Will history repeat itself? As strong and vigorous as it appears on the surface, is today's globalism really irresistible, "a great tide, inexorably wearing away the established order of things" as former-President Bill Clinton avers?3 Or, are countervailing forces arising to destroy its promise of peace and prosperity? Is it doomed to die in unbelievable violence, as did its predecessor some 85 years ago?

Notwithstanding the impression one gains by perusing the globalists' glitzy web site, www.theGlobalist.com, globalization may not be coming up roses. The Aga Khan perceives "a deep and vigorous countertide, . . . a 'new tribalism,'" shaping our world.4 What is the nature of this countertide, this "new tribalism?"

First, we would do well not to underestimate the scope and strength of this countertide. Ironically, the only thing that is global about it is its range; tribalism is "hitting the beaches" everywhere.

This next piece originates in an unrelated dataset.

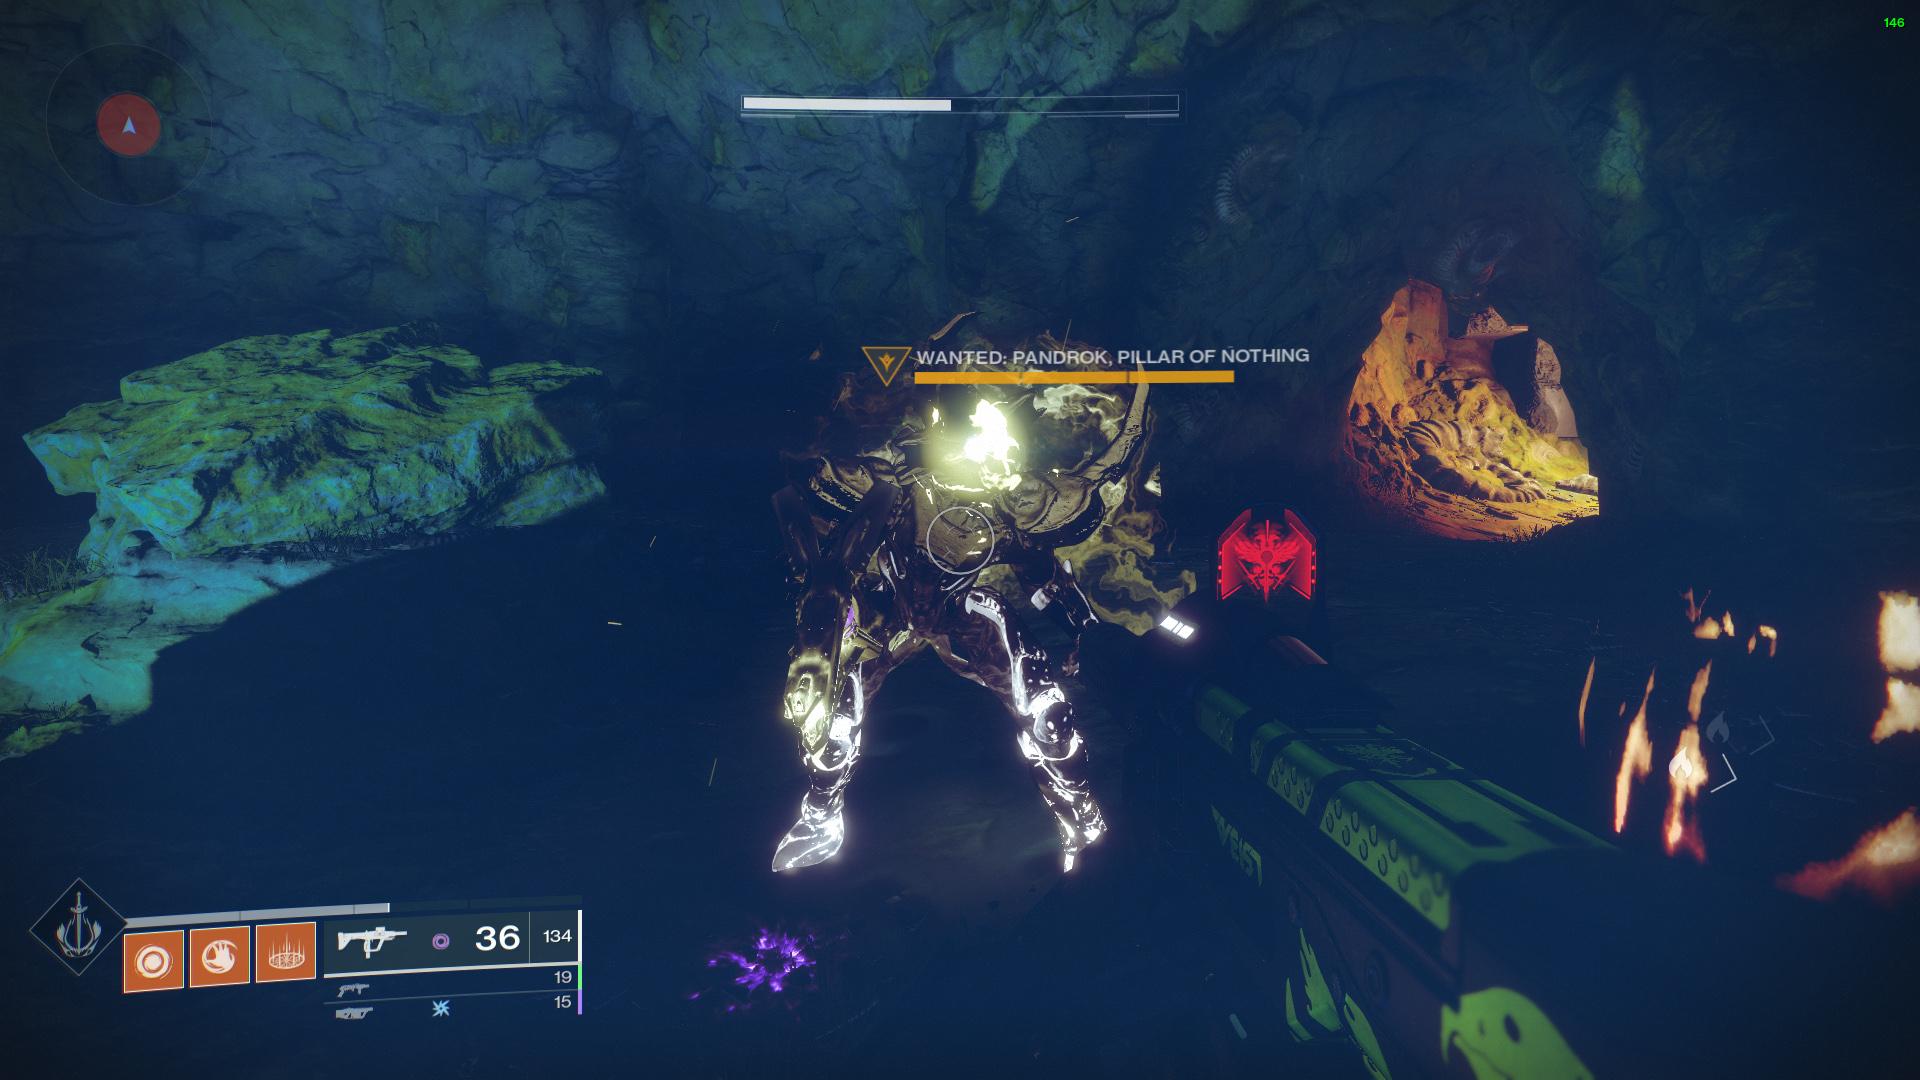 destiny 2 pandrok pillar of nothing

From the Balkans to the Horn of Africa, from the southern tier of the former Soviet Union to western China, from Indonesia to Mindanao in the Philippines, extremist tribalism is on the rise.5

. . . [A]ll over the world, we see a kind of reversion to tribalism. . . . We see it in Russia, in Yugoslavia, in Canada, in the United States. . . . What is it about all this globalization of communication that is making people return to more—to smaller units of identity?6

The breadth of tribalism imparts to it a strength rivaling that of globalism. One analyst, citing the "steady uptick in violent conflicts from Africa to Europe," suggests that "endless debates about globalization may turn out to be a mere sideshow"7 to the main attraction of fragmenting, squabbling states—and the inevitable wars between them.

The Nature of Tribalism

The dictionary definition of tribalism is "a strong feeling of identity with and loyalty to one's tribe or group."8 Note the words tribe and group. Tribalism, distinct from nationalism, does not connect one with the nation, but with some sub-national unit—an ethnic group or tribe or clan. The tidal forces of tribalism fragment empires into nations and nations into tribes.

Looked at this way, tribalism is a movement wherein the individual relates not so much to the norms (often vaguely articulated) established by the global mainstream as to the values (usually well-defined) of a small ethnic or religious group. Certainly, one given to tribalism feels no ties to the international community. The Islamist (as distinct from the more mainstream Islamic) mores of Afghanistan's Taliban have nothing in common with the ideologies of the cosmopolitan bureaucrats regulating life in the European Union.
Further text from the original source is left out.